Держась на мраморном унитазе куском отбитого мяса и с отвращением разглядывая свои бледные ступни, я с трудом вспоминал события вчерашнего вечера. Что там этот вздорный старик говорил про меня? Кем он меня назвал? Сам он черт. Старый похотливый черт.

Слова «вы управляете смертью» всплыли в голове спустя несколько дней. И надо сказать, я призадумался. Прежде всего, меня встревожила мысль о пропавшем Болтине. Как бы то ни было, но следователь Болтин перестал ко мне приходить.
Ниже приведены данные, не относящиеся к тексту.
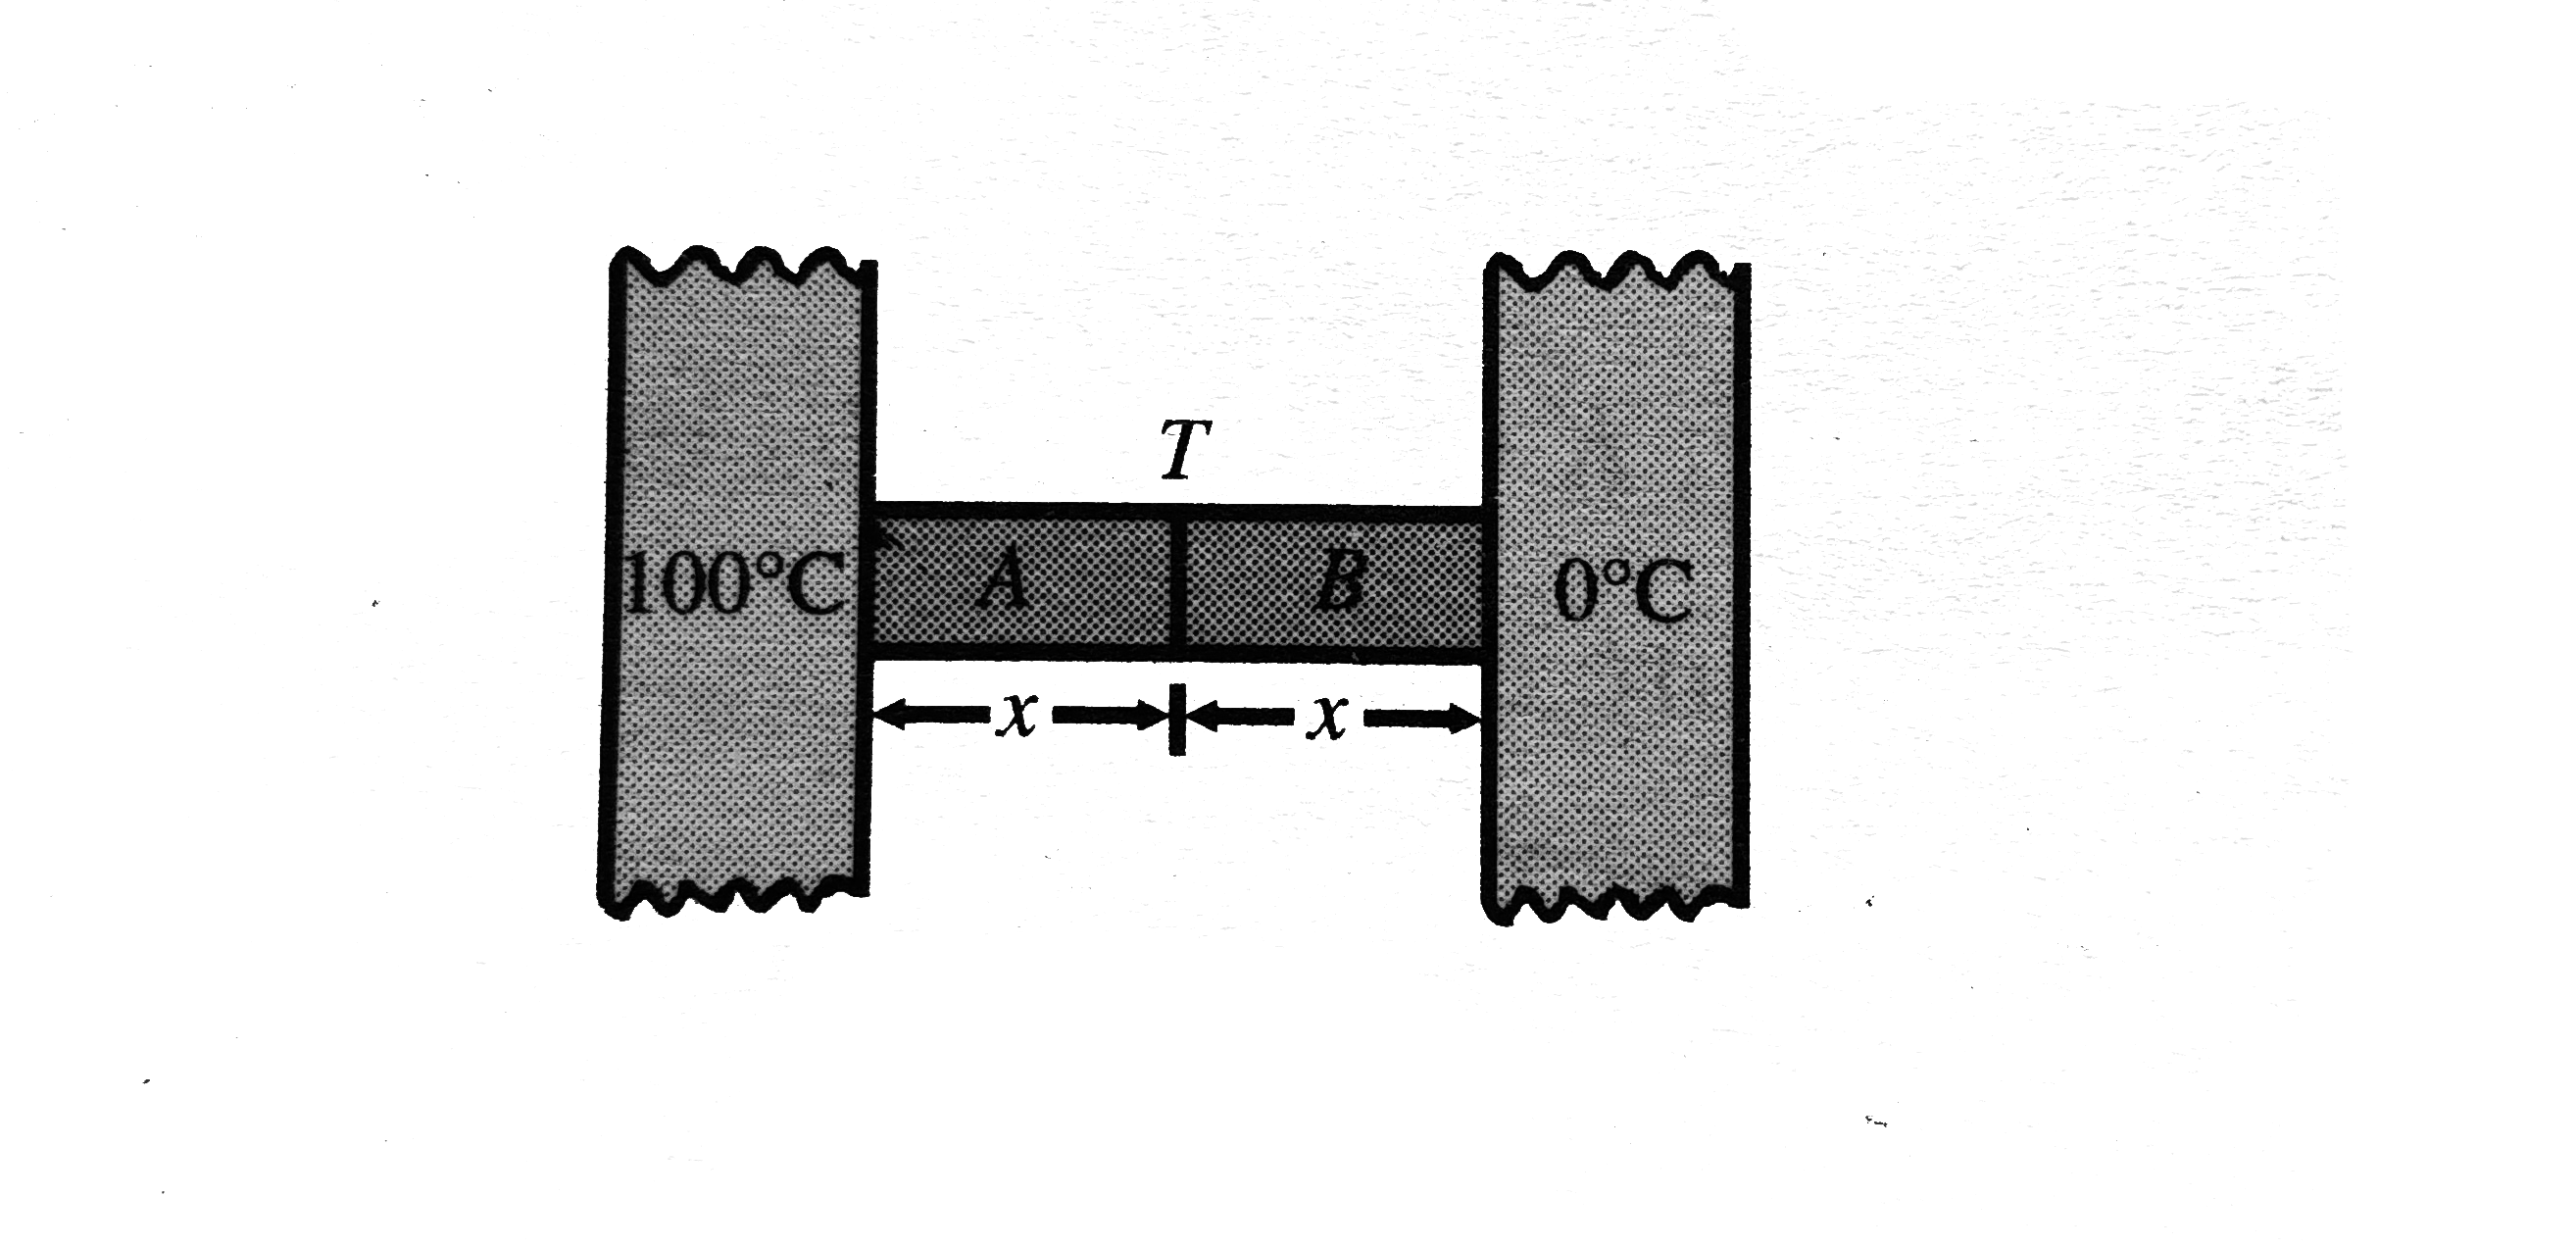 Two metal cubes A and B of same size are arranged as shown if Fig. The extreme ends of the combination are maintained at the identical temperatures. The arrangement is thermally insulated. The coefficients of thermal conductivity of A and B are 300W//m^@C and 200 W//m^@C, respectively. After steady state is reached, what will be the temperature T of the interface ?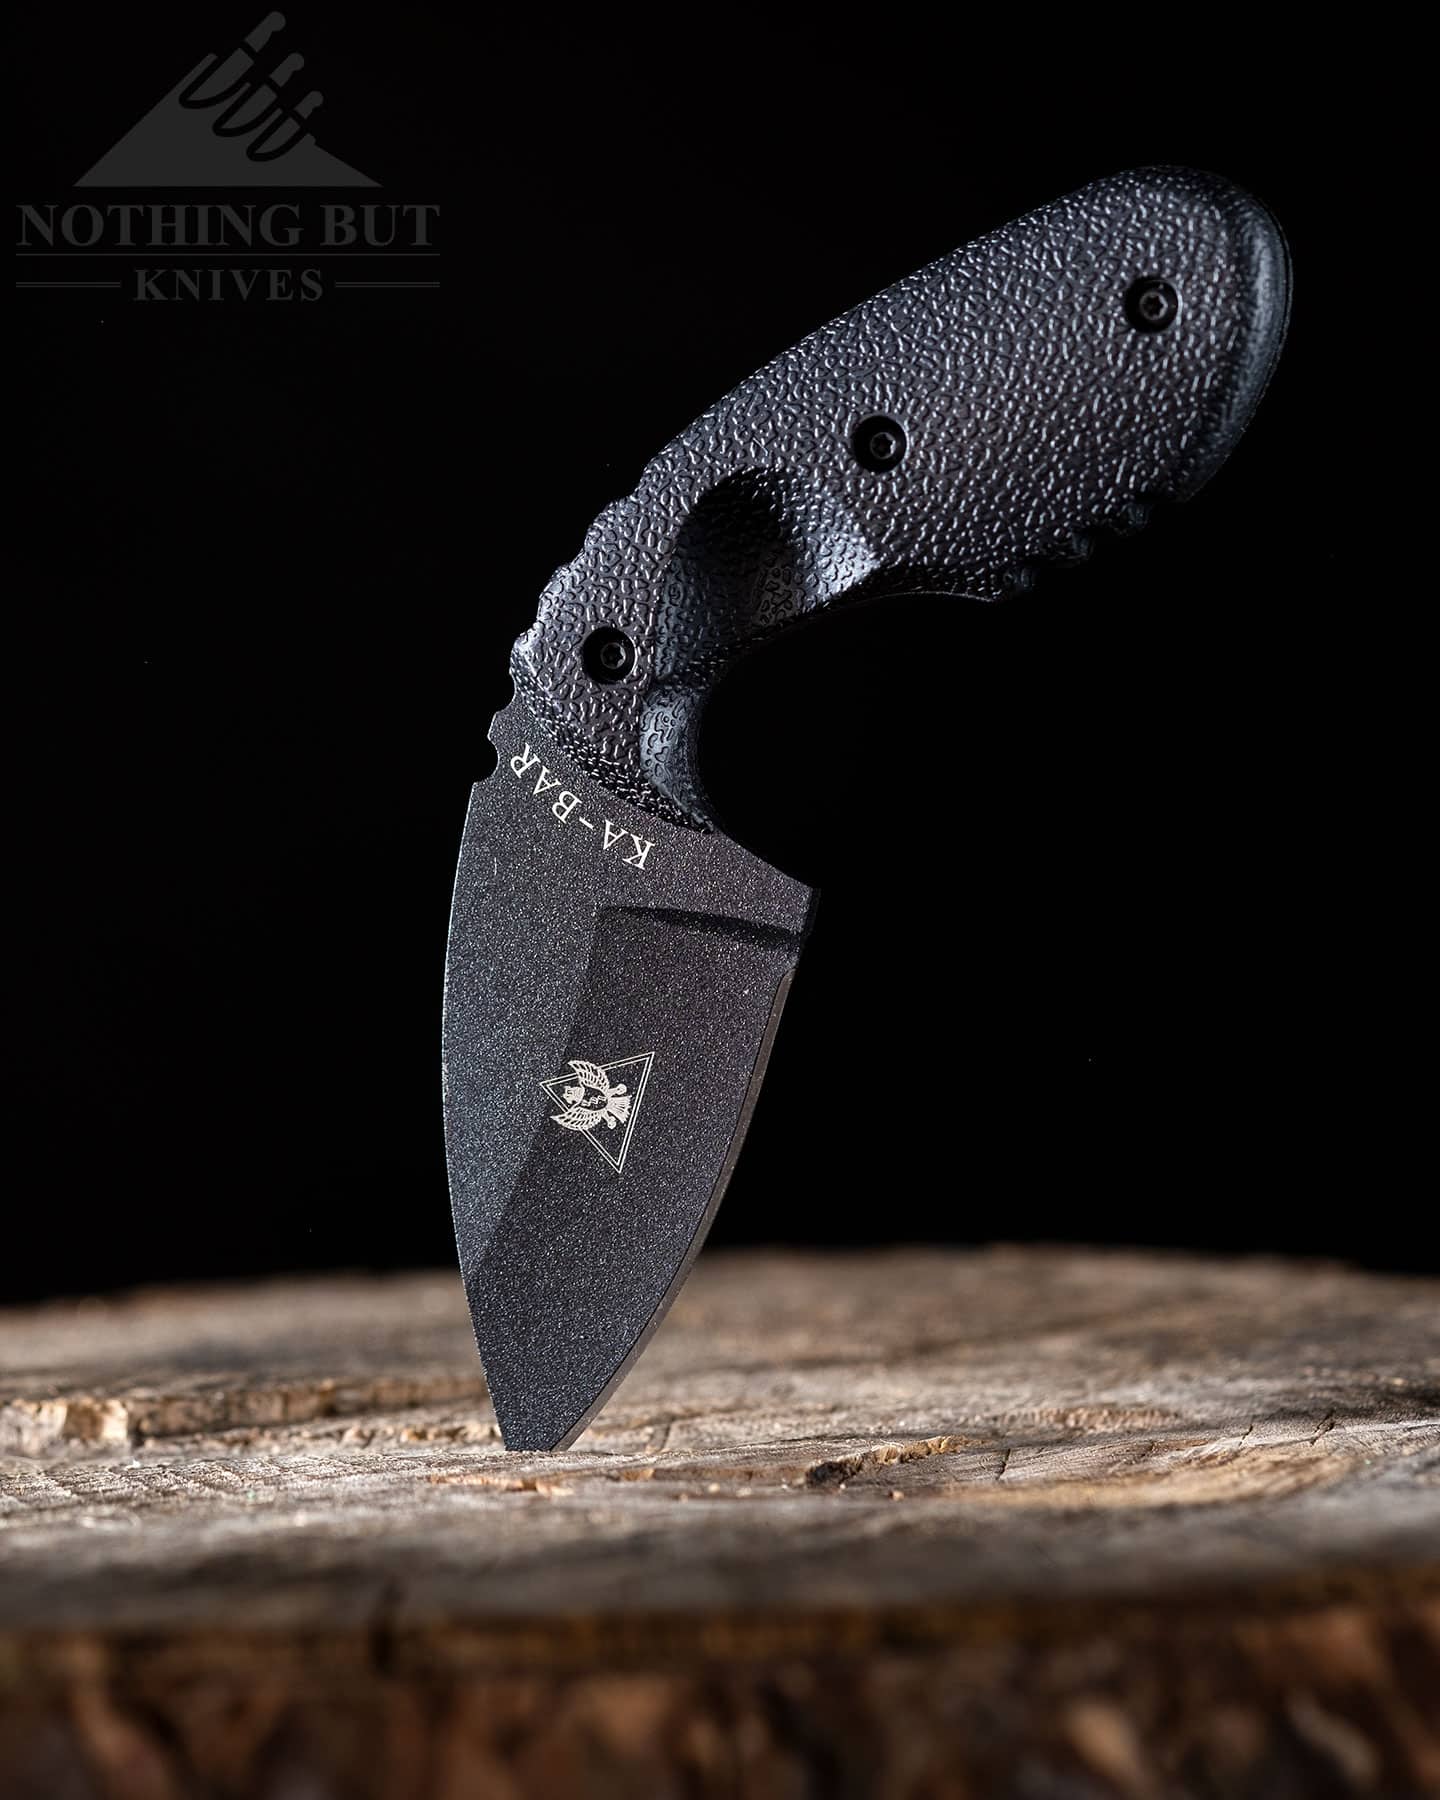 This Ka-Bar TDi designed specifically as a back-up blade that’s easy to pack and conceal.

Он ушел из моей жизни так же внезапно, как вошел в нее. Я хотел было осторожно навести справки, но правду узнать все-таки побоялся.


А Адель Борисовна действительно оказалась ученицей старого демоноведа. Она верила всему, что он говорил. Ну или почти всему. Однажды она явилась в мою караулку в солнцезащитных очках. Она прятала глаза.

– Ты правда можешь убивать силой мысли? – спросила она без преамбул.

– Ага, – усмехнулся я. – А что? Кого-то надо порешить?

– Не смейся. Я серьезно.

Она действительно верила.


Я сбежал от Адели, когда она предложила мне убить ее мужа. Быть может, ее тайные намерения никогда бы не открылись, не поверь она в то, что я способен убивать на расстоянии. Она слишком умна, чтобы идти на мокрое дело традиционным способом. И в то же время слишком глупа для того, чтобы воспринимать монологи афериста Германа адекватно.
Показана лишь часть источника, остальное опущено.